## TRY IT
Repeat the data that follows in full. Do not include the pictures.

## DATASET SECTION
+ + +
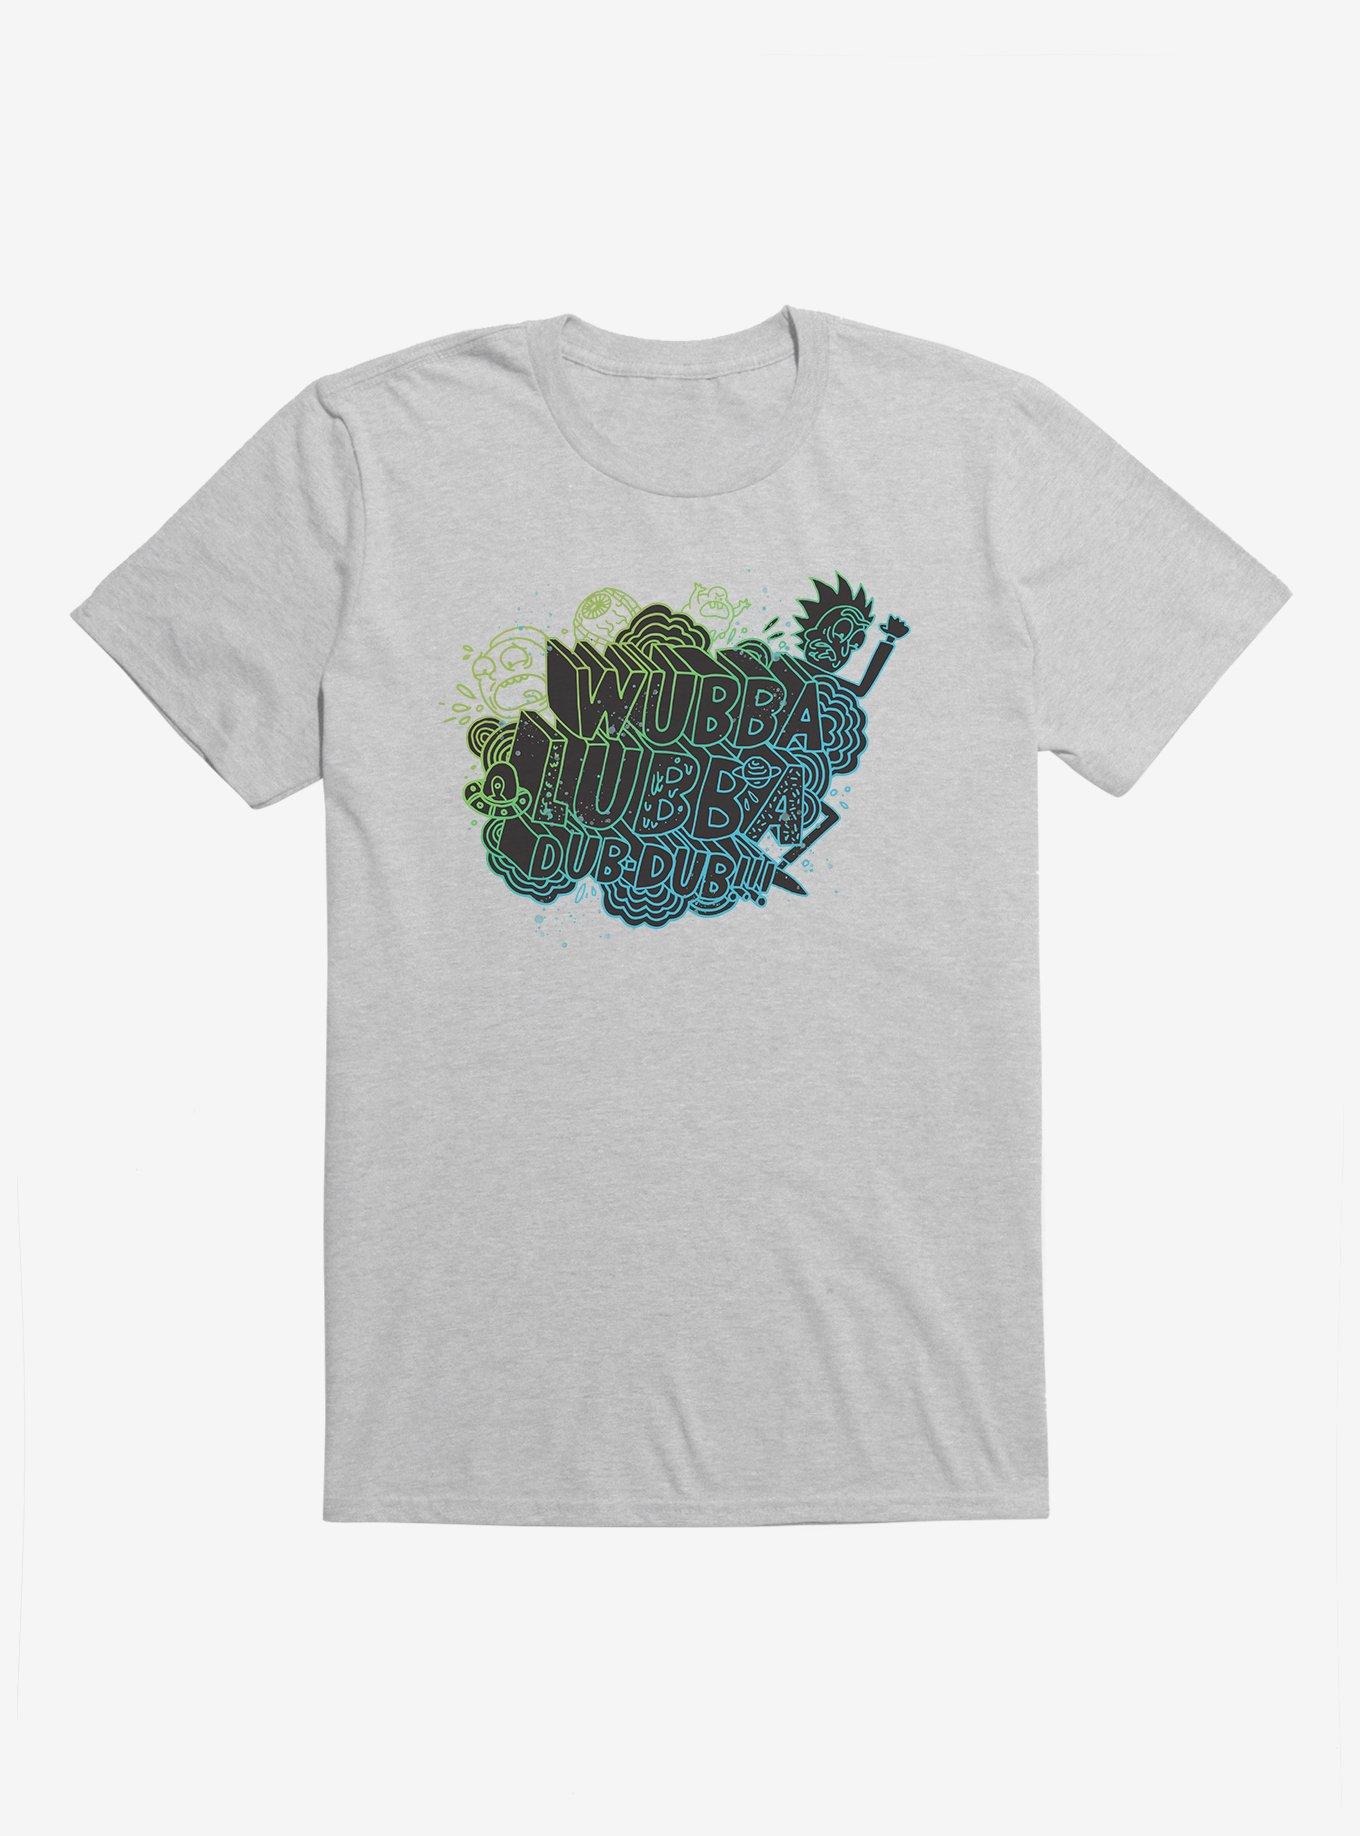 Rick And Morty Wubba Lubba Dub Dub Outline T-Shirt, HEATHER GREY, hi-res
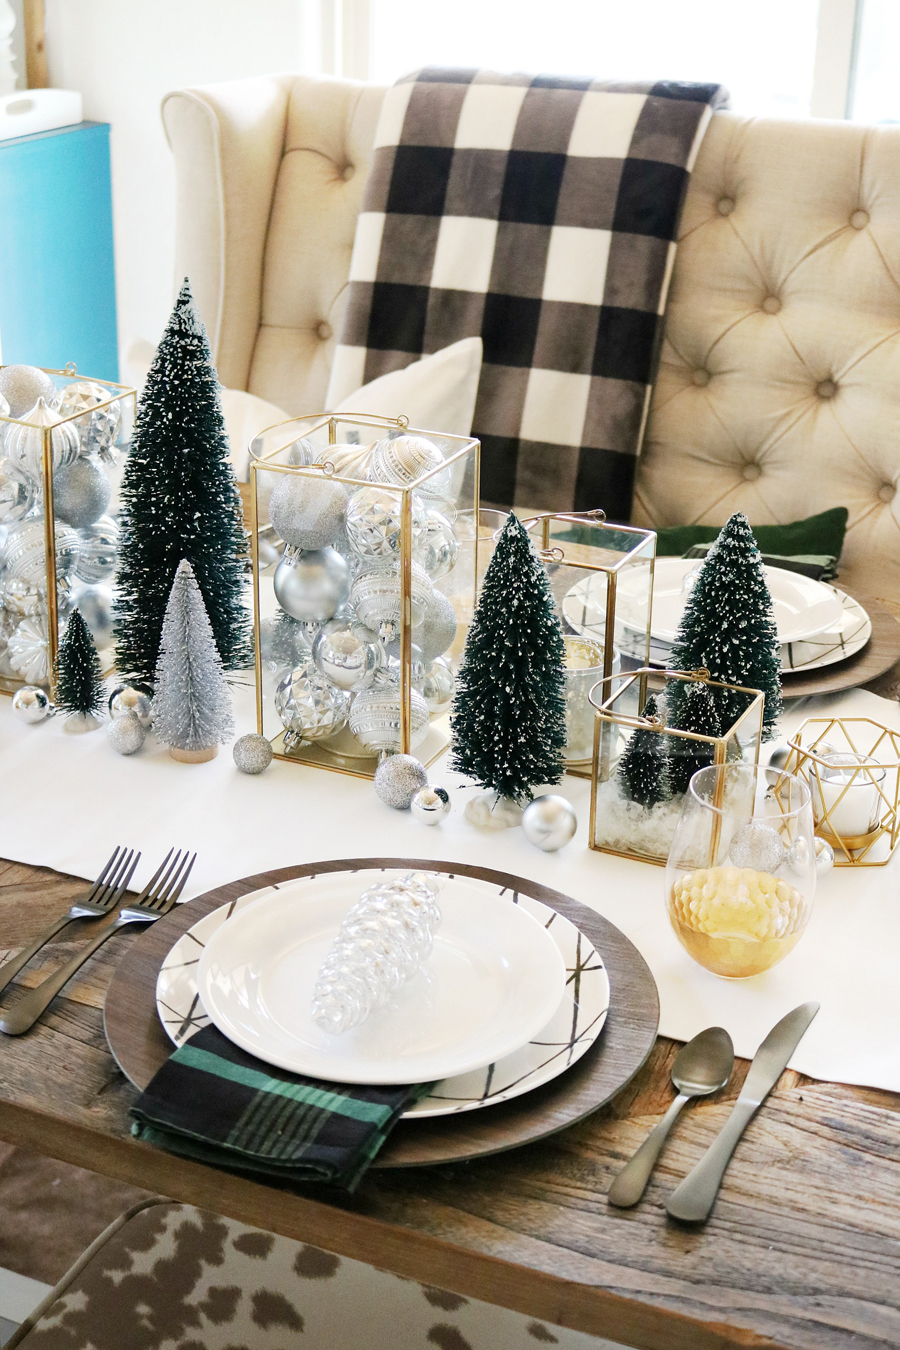 https://www.thecraftedsparrow.com/wp-content/uploads/2017/11/Simple-and-Modern-Christmas-Dining-Table-Ideas-6.jpg
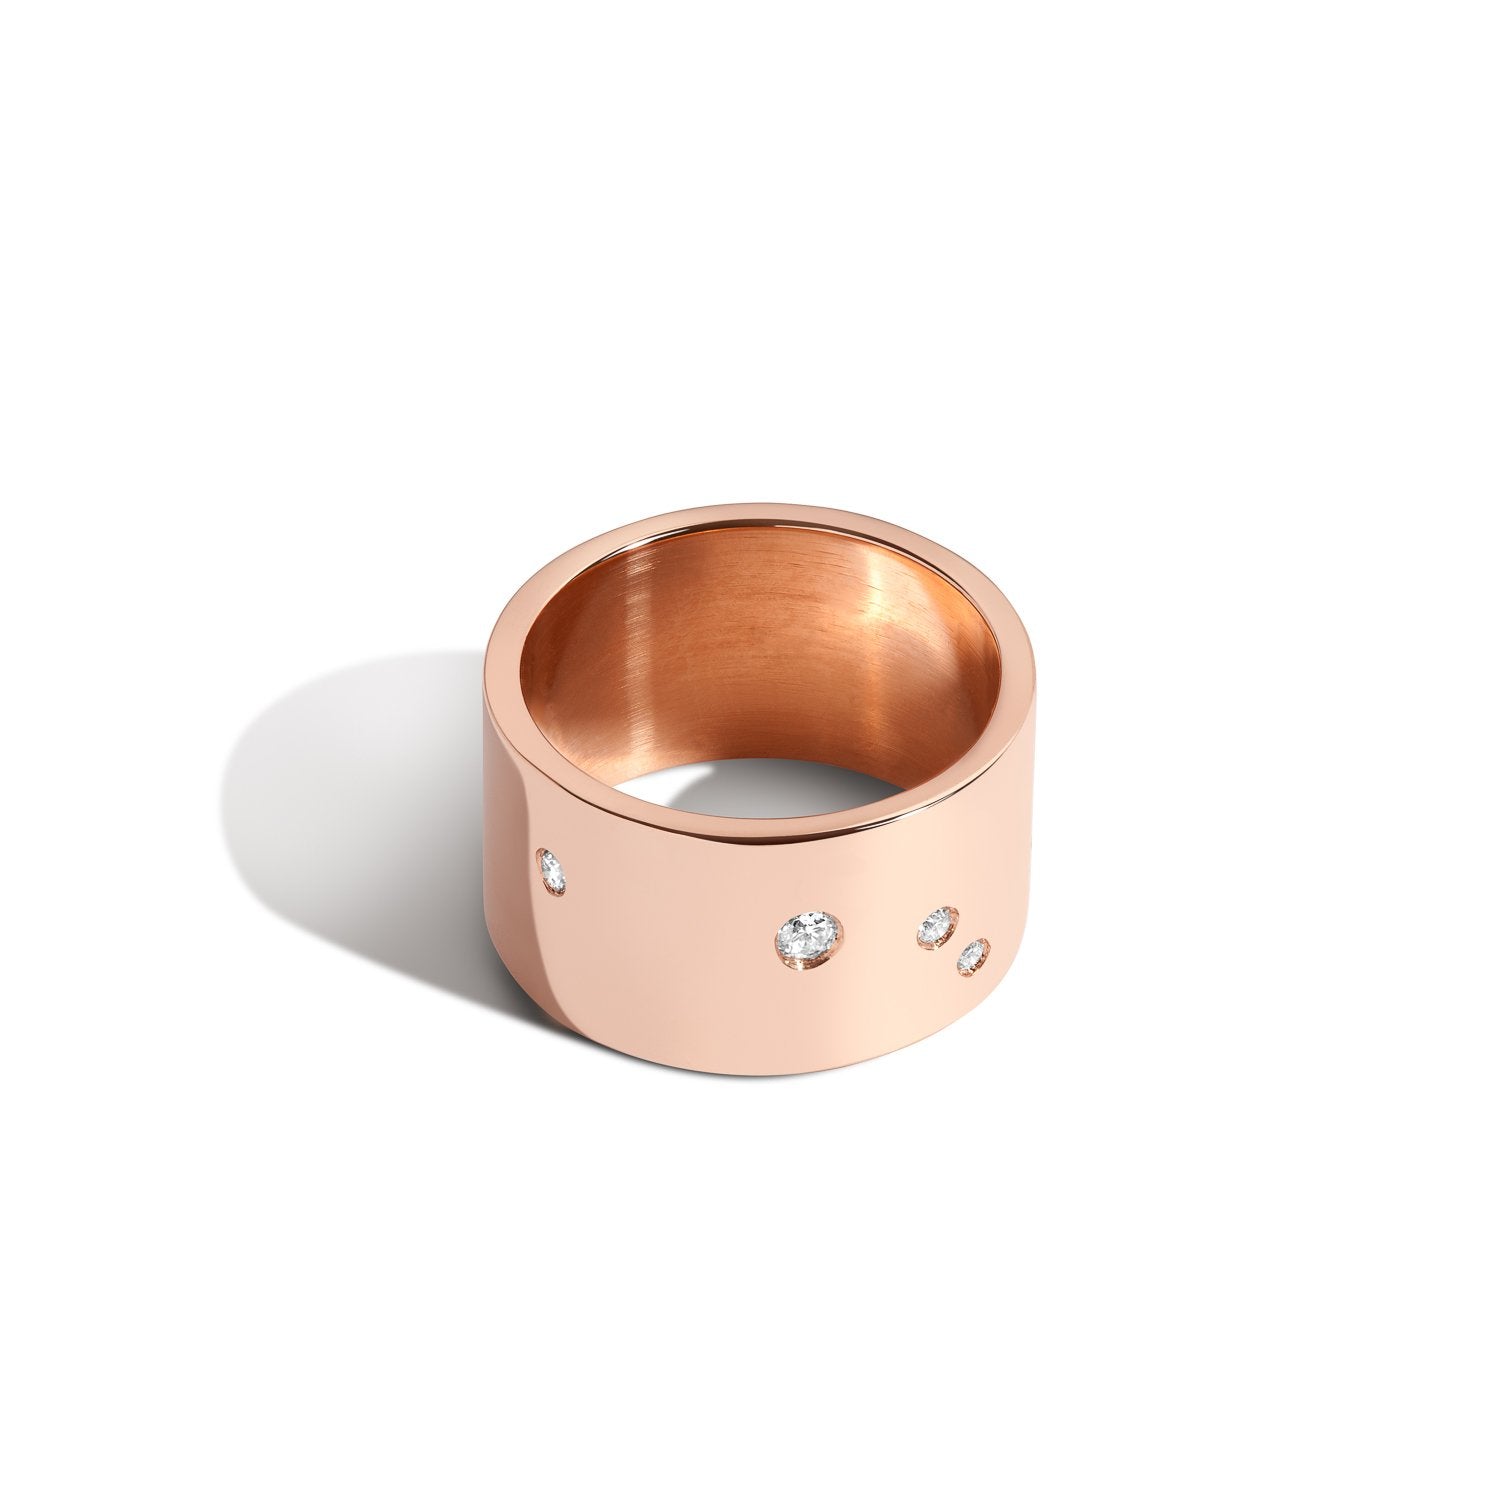 Shahla Karimi Jewelry Zodiac Reveal Ring Collection with White Diamonds - Aries - 14K Rose Gold
+ + +
## THE COMPLETED TASK
 Rick And Morty Wubba Lubba Dub Dub Outline T-Shirt, HEATHER GREY, hi-res
 https://www.thecraftedsparrow.com/wp-content/uploads/2017/11/Simple-and-Modern-Christmas-Dining-Table-Ideas-6.jpg
 Shahla Karimi Jewelry Zodiac Reveal Ring Collection with White Diamonds - Aries - 14K Rose Gold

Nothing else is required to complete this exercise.